Stem Cells - What's The Issue?

Stem Cells – What’s the issue?

Part 1 ~ What are "stem cells"?

Stem cells serve as a sort of repair system for the body. They can theoretically divide without limit to replenish other cells as long as the person or animal is still alive. When a stem cell divides, each new cell has the potential to either remain a stem cell or become another type of cell with a more specialized function, such as a muscle cell, a red blood cell, or a brain cell. You have to have a human being before you can get human stem cells.

Adult Stem Cells: Adult stem cells are found in blood, bone marrow, skin, brain, liver, pancreas, fat, hair follicle, placenta, umbilical cord, and amniotic fluid. The retrieval of these stem cells is relatively easy and does not harm the patient. There is no risk of rejection with adult stem cells because they come from the patients' own bodies. Nor, at least so far, does adult-stem-cell therapy appear to cause tumors.

Embryonic Stem Cells: Embryonic stem cells are extracted from 5- to 7-day-old embryos. The removal of the stem cells kills the embryo. In some cases, cloning is used to create the embryo for the sole purpose of harvesting the stem cells. Researchers will have to overcome two serious difficulties standing in the way of embryonic cell regenerative medicine: (1) embryonic stem cells cause tumors, and (2) embryonic stem cells may be rejected by the immune system.

Let's support promising medical research that everybody can live with.
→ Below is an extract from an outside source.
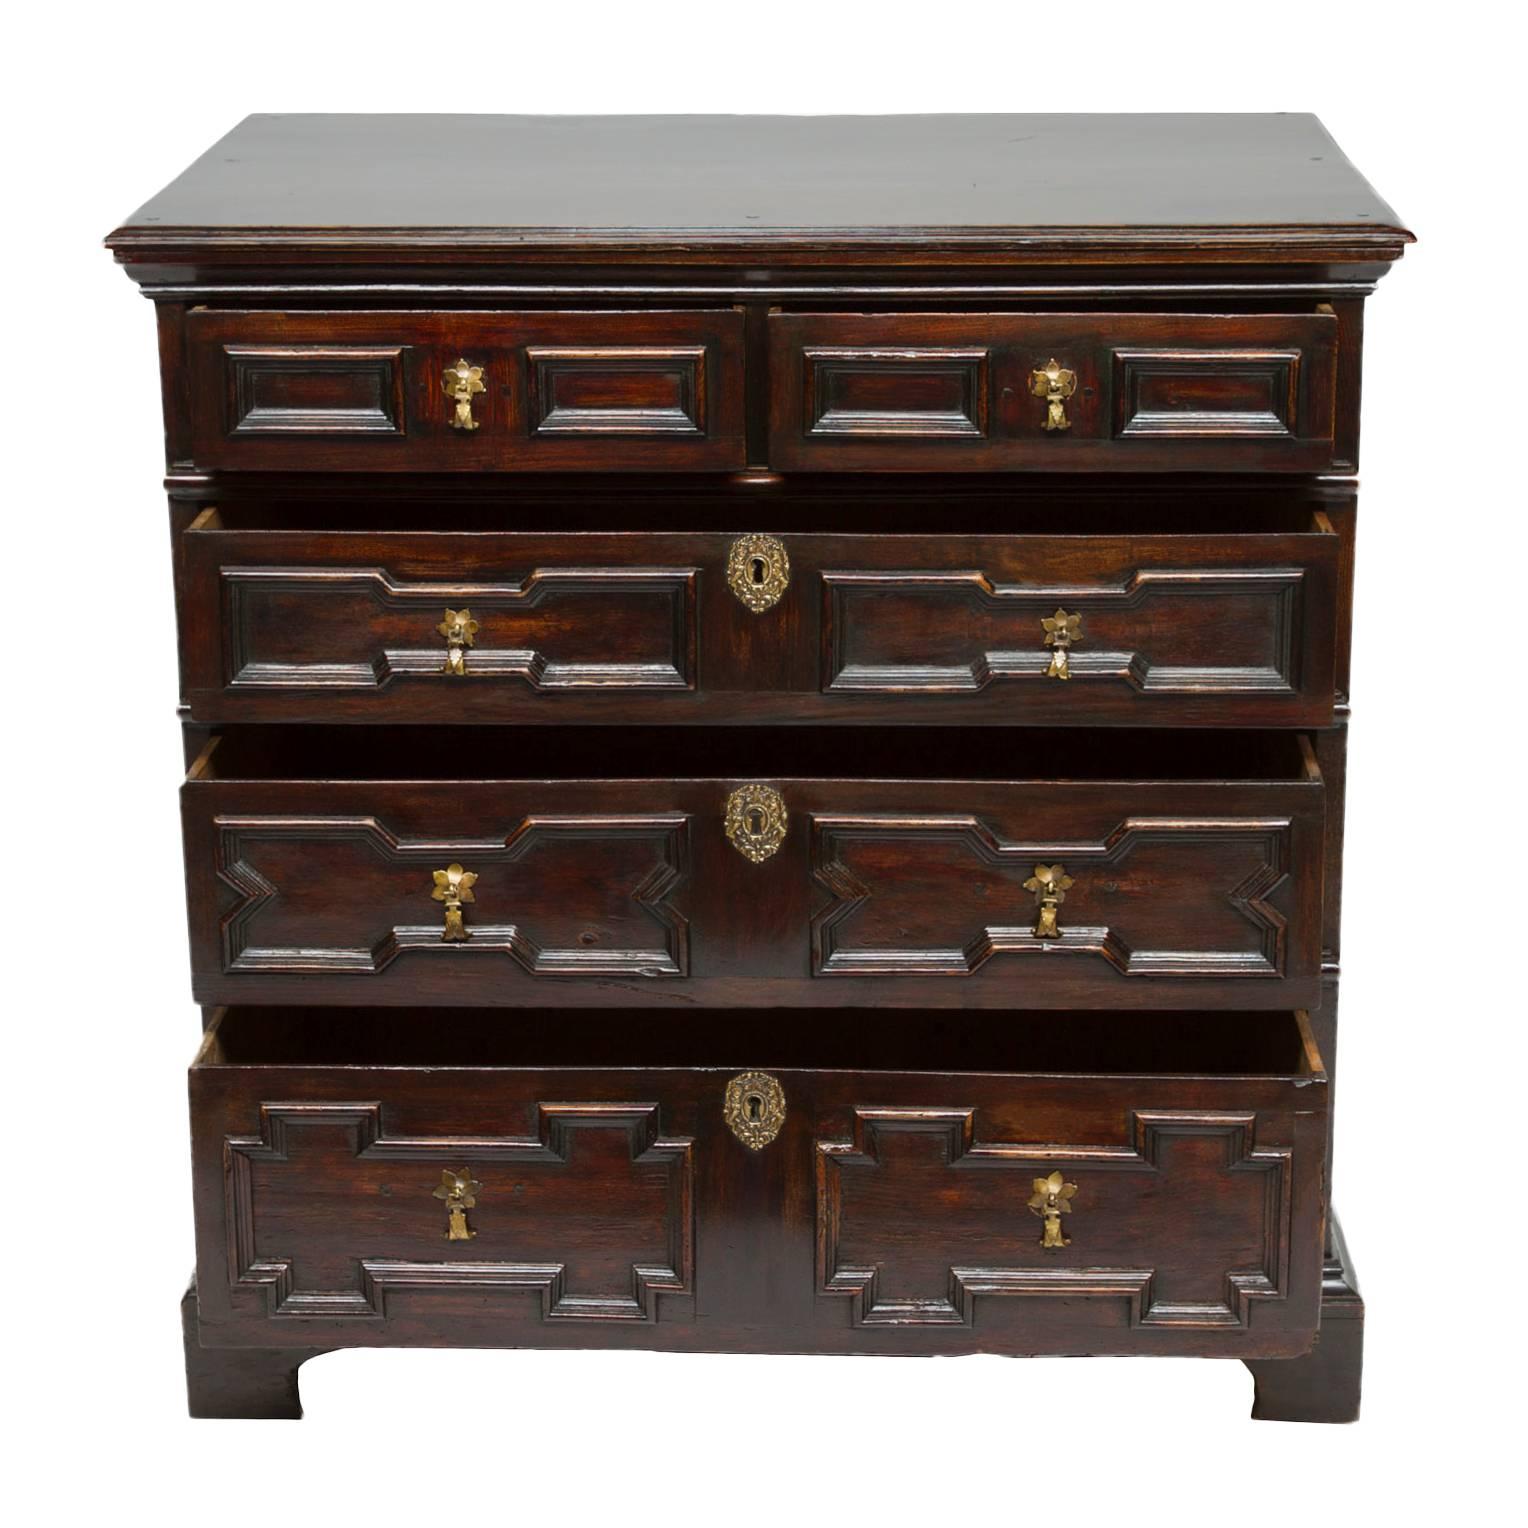 18th century English oak chest of drawers. A very nice oak chest drop pulls, molded fronts, drop pulls and panel sides. Resting on bracket feet. Excellent patina.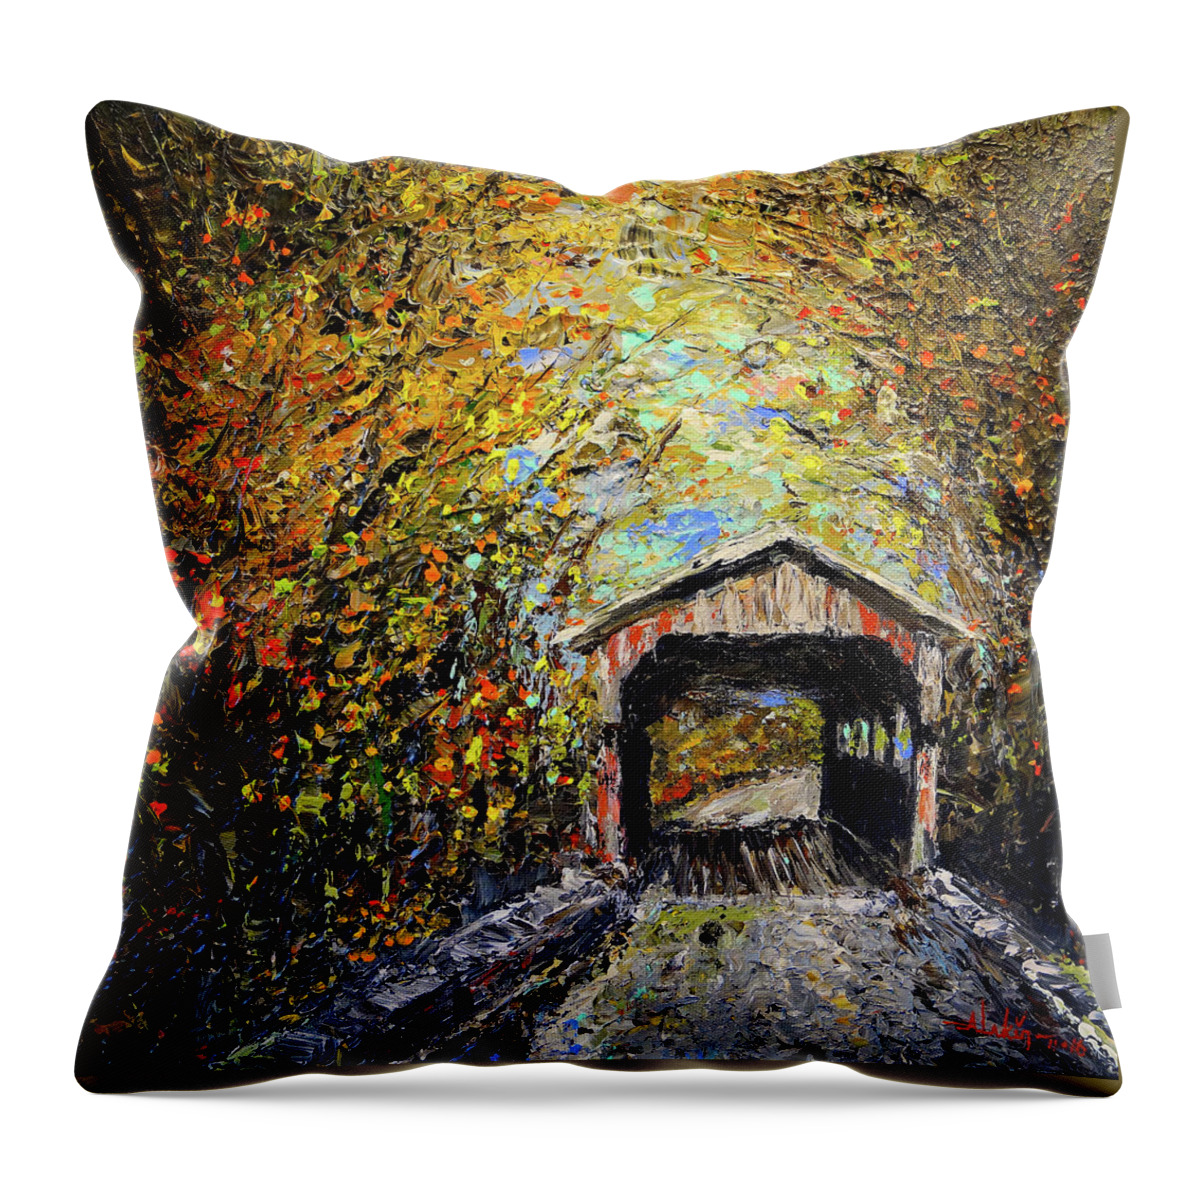 Vermont Throw Pillow featuring the painting Vermont by Alan Lakin

Part 2 ~ Examples of stem-cell therapy successes

Embryonic stem cells have not helped a single human patient, while adult stem cells and similar ethically acceptable alternatives have helped hundreds of thousands. Following are a few examples.

Adult stem cells

Juvenile diabetes: Fifteen people with serious Type I (juvenile) diabetes became "insulin free" after adult pancreatic islet cell transplants; nine still need no insulin injections. - American Diabetes Assoc. Report, June 24, 2001

Spinal cord injury: A young woman rendered paraplegic by a car accident can move her toes and legs after injection of her own immune-system cells into her severed spinal cord. - Toronto Globe and Mail, June 15, 2001

Immune deficiency: Two children born without immune systems ("bubble boy" syndrome) have left their sterile environment and now lead normal lives after bone marrow stem cell treatment. - Science, The Washington Post, April 28, 2000

Embryonic stem cells

Juvenile diabetes: No person has benefited.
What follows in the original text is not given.